Abstract

Abstract CD4+CD25+Foxp3+ regulatory T cells (Treg) are essential for maintaining immune tolerance and homeostasis. It has been shown that natural Treg can inhibit up-regulation of costimulatory molecules on dendritic cells (DC). However, the mechanism leading to this phenomenon has not been elucidated. Whether inducible Treg (iTreg) also possess this function has not been previously investigated. Here, we demonstrate that iTreg could inhibit LPS-induced DC maturation and mediate down-regulation of CD80 and CD86 on mature DC. This process is CTLA4-dependent as Treg isolated from CTLA4-/- mice did not down-modulate B7 molecules on DC. Furthermore, CTLA4Ig, but not CD28Ig, mimicked iTreg action.

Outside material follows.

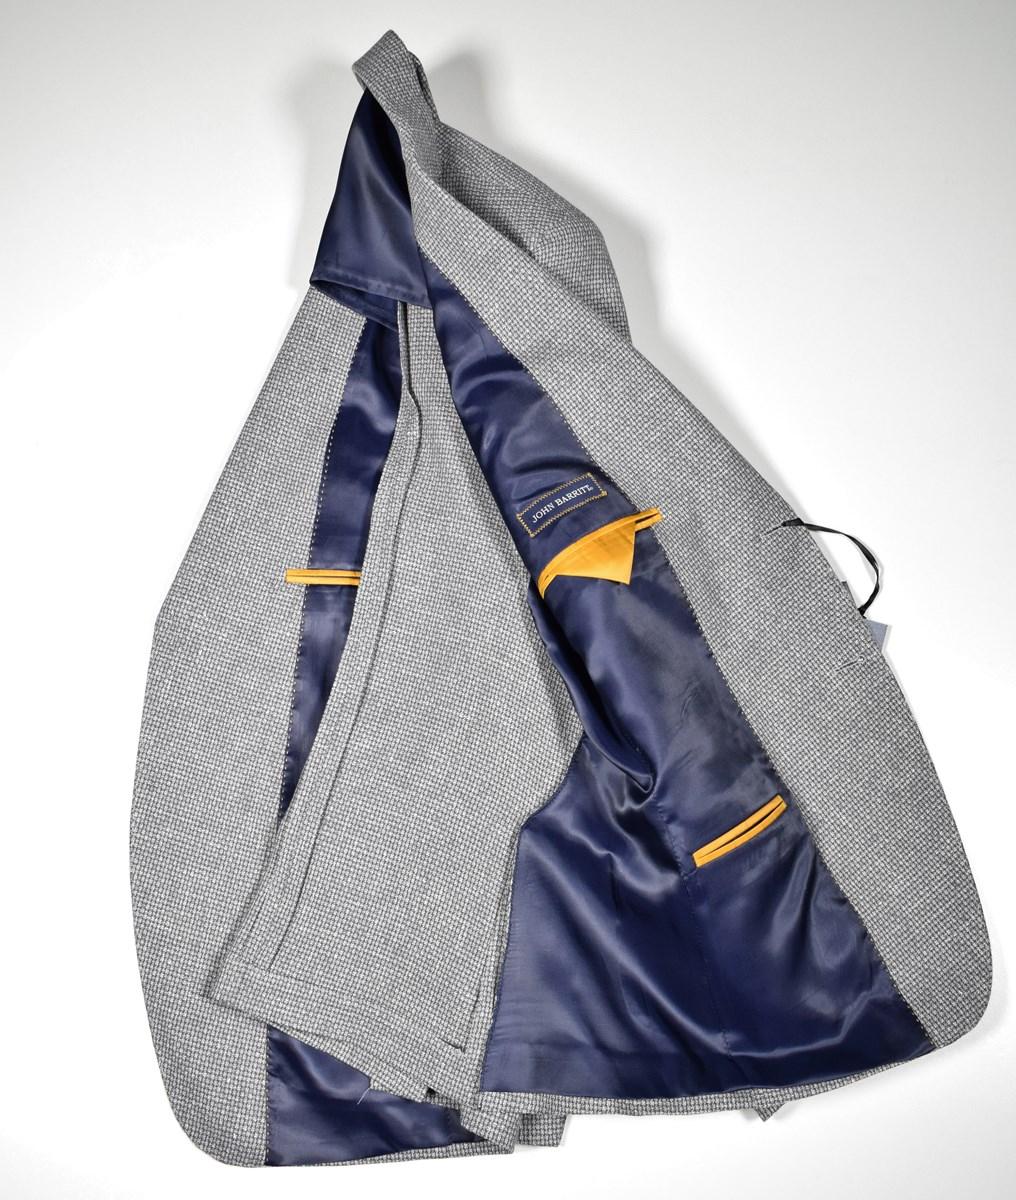 Giacca Blazer Grigio John Barritt Con Toppe Slim Fit Sfoderata Cotone E Lino Men's Clothing Clothing, Shoes & Accessories
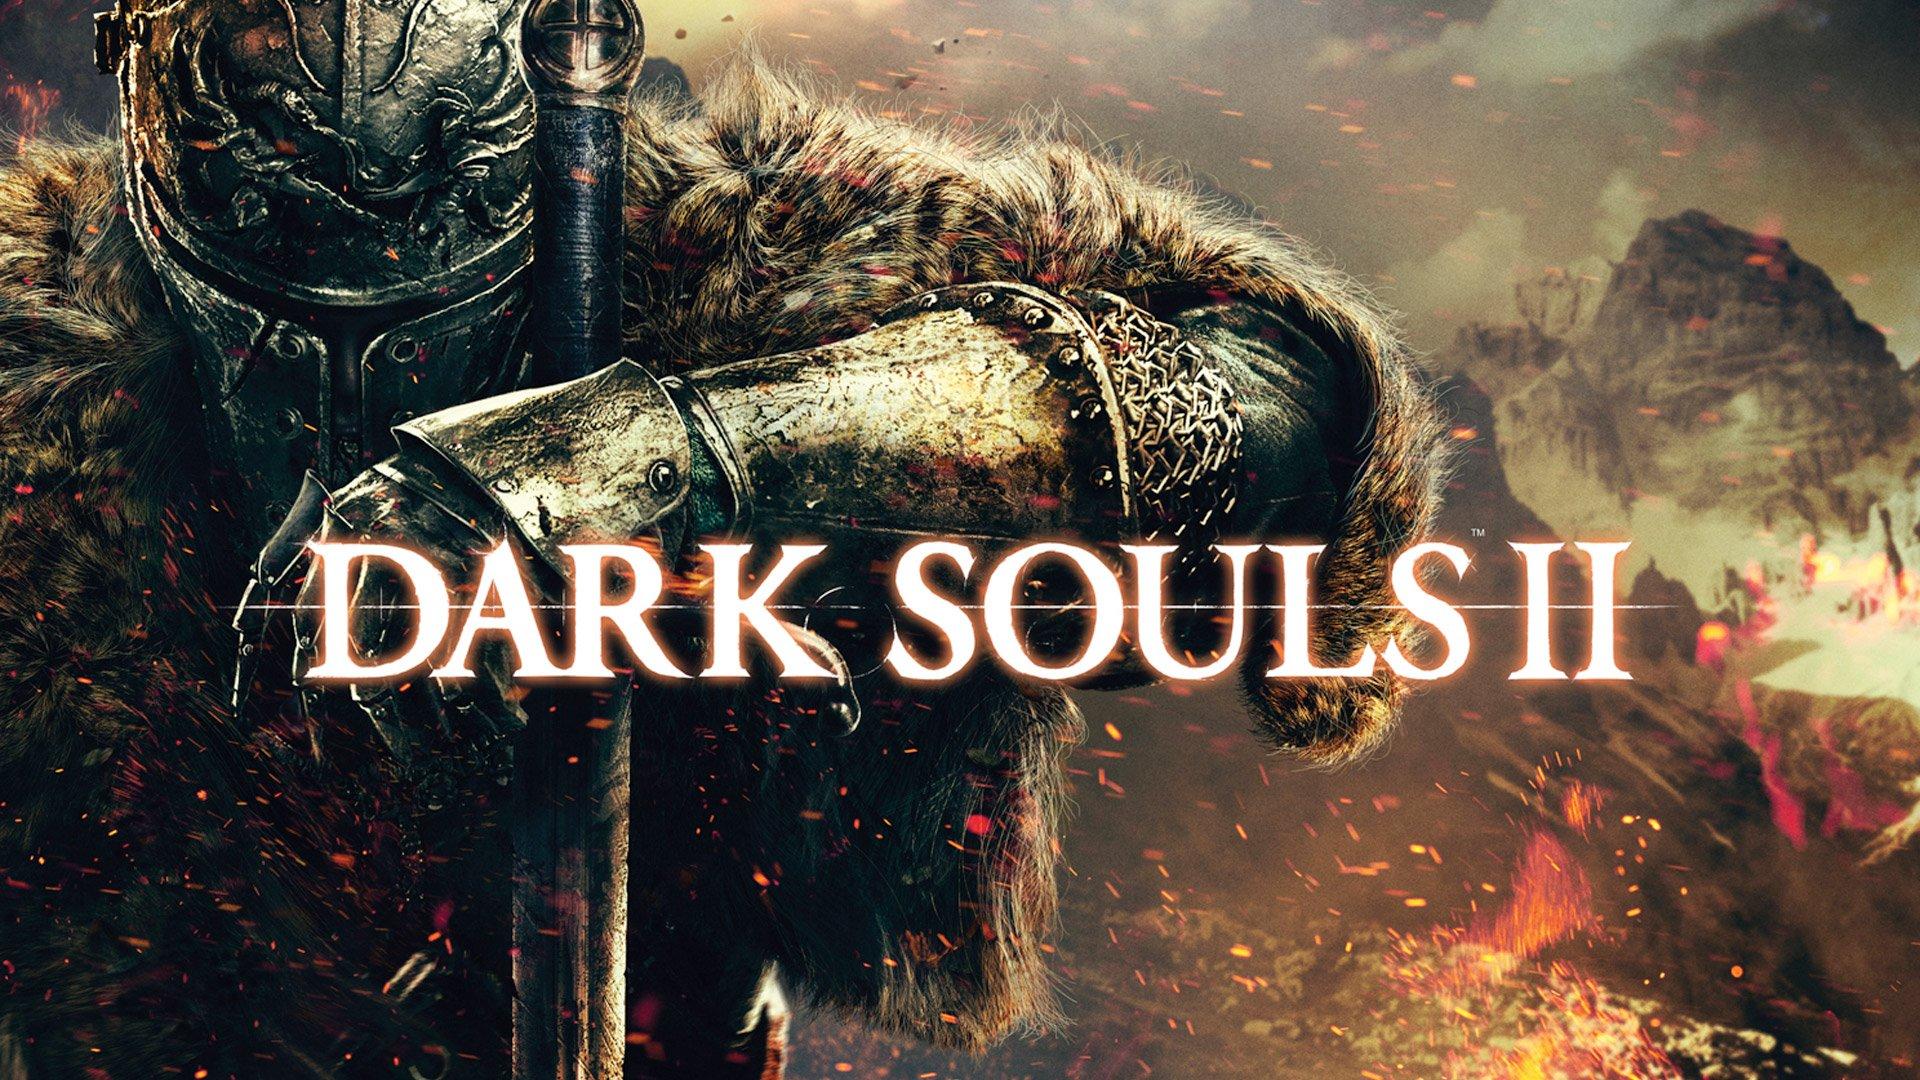 Free Download Dark Souls Ii Wallpaper In 1920x1080 1920x1080 For

Down-regulation of CD80/CD86 was not due to endocytosis or protease-dependent shedding, but rather to a reverse signaling through B7. CTLA4Ig treatment decreased CD80 and CD86 transcription, as well as NFκB activity upon LPS stimulation. Interestingly, both CTLA4Ig and co-incubation with iTreg induced a profound STAT3 phosphorylation in DC, whereas no significant effect on the proximal NFκB pathway was observed. Inhibition of STAT3 activation partially abolished CTLA4Ig-induced CD80/CD86 down-modulation suggesting involvement of this molecule in the observed process. Our data reveal a novel signaling pathway by which Treg can suppress DC via reverse signaling, and may provide new opportunities for therapies targeting costimulatory pathways.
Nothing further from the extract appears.